Além da formação oferecida pela rede, a aproximação com as universidades, tanto em momentos organizados institucionalmente, como por iniciativa individual dos profissionais da rede, auxiliavam na atualização dos conhecimentos que vinham sendo produzidos na área com a conseqüente repercussão no trabalho desenvolvido junto às crianças. Conforme assinalou uma das professoras daquele período:

[...] nós não perdíamos o vínculo com a universidade. Então eu sempre estava estudando, participando. Estava sempre próxima. Ia acontecer um curso, em tal dia, e todo mundo ia pra lá.. Então isso nos dava um pouco mais de sustentação (Entrevista em 28 de novembro de 2007).

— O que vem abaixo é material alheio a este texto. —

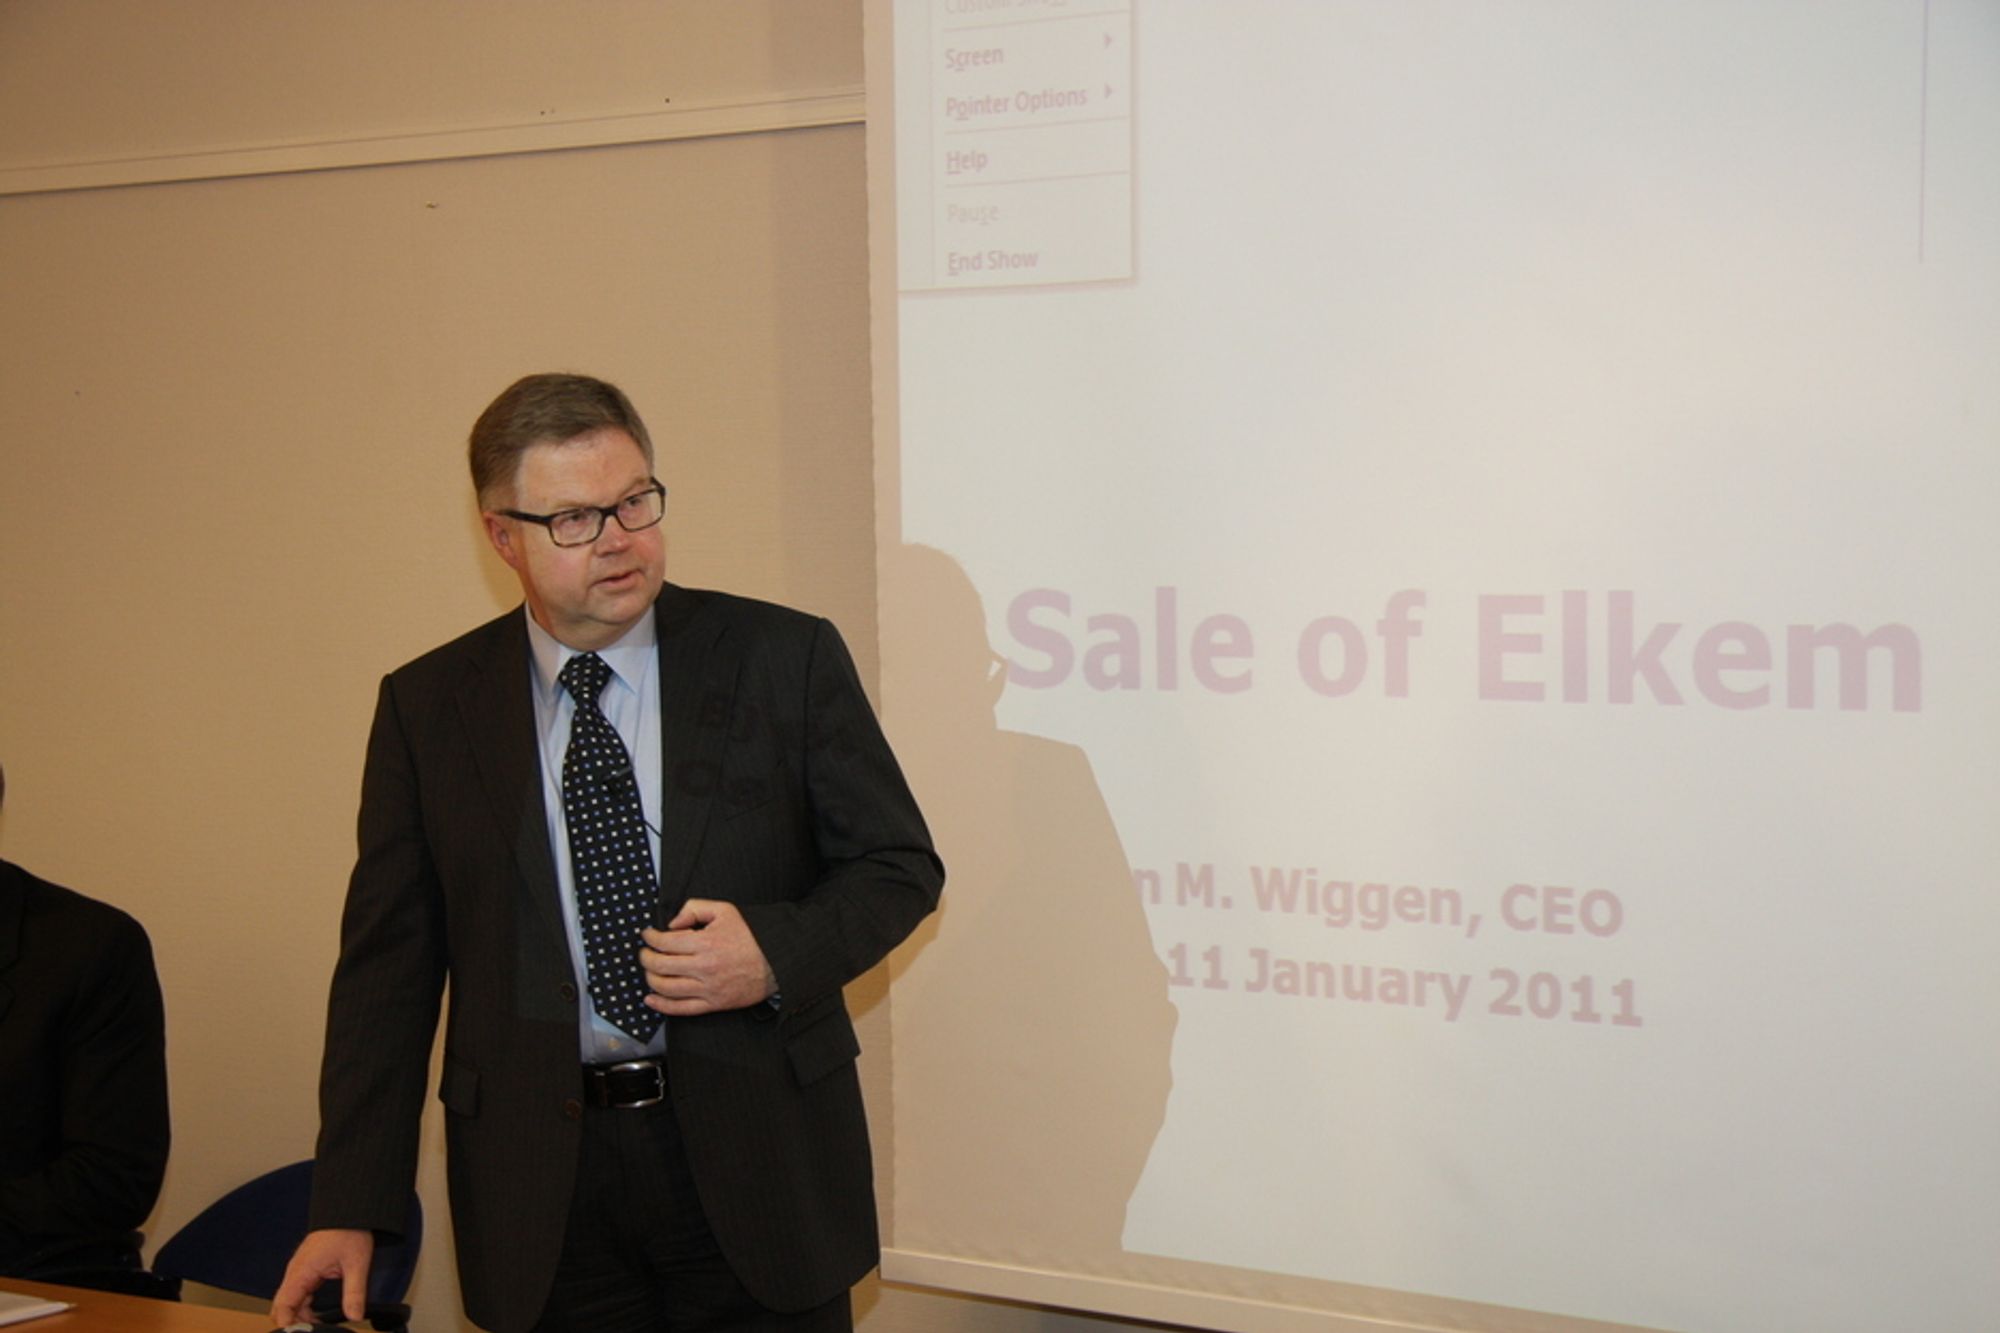 ELKEM BLIR KINESISK: ¿ Dette styrker Elkem internasjonalt. Det er viktig at det investeres videre i Elkem. Det er også viktig at forsknings- og utviklingsvirksomheten i selskapet blir i Norge, sier Orkla-direktør Bjørn Wiggen.

Reafirmar o caráter educativo das creches e NEIs, além da defesa da autonomia das unidades e dos profissionais no seu interior por meio de instrumentos que garantissem maior participação, foi um dos grandes objetivos da SME nessa gestão, segundo compreendemos. Esse intento engendrou um movimento sem precedentes até então na rede de educação infantil, mobilizando um coletivo de educadores a refletir de maneira fundamentada e num processo contínuo sua prática cotidiana em busca de maior autonomia intelectual. Ainda que na gestão anterior a formação coletiva também estivesse presente de maneira acentuada, na gestão da Frente Popular a formação realizada especialmente por meio dos Grupos de Formação constituiu-se num espaço importante de construção coletiva do projeto de educação da rede.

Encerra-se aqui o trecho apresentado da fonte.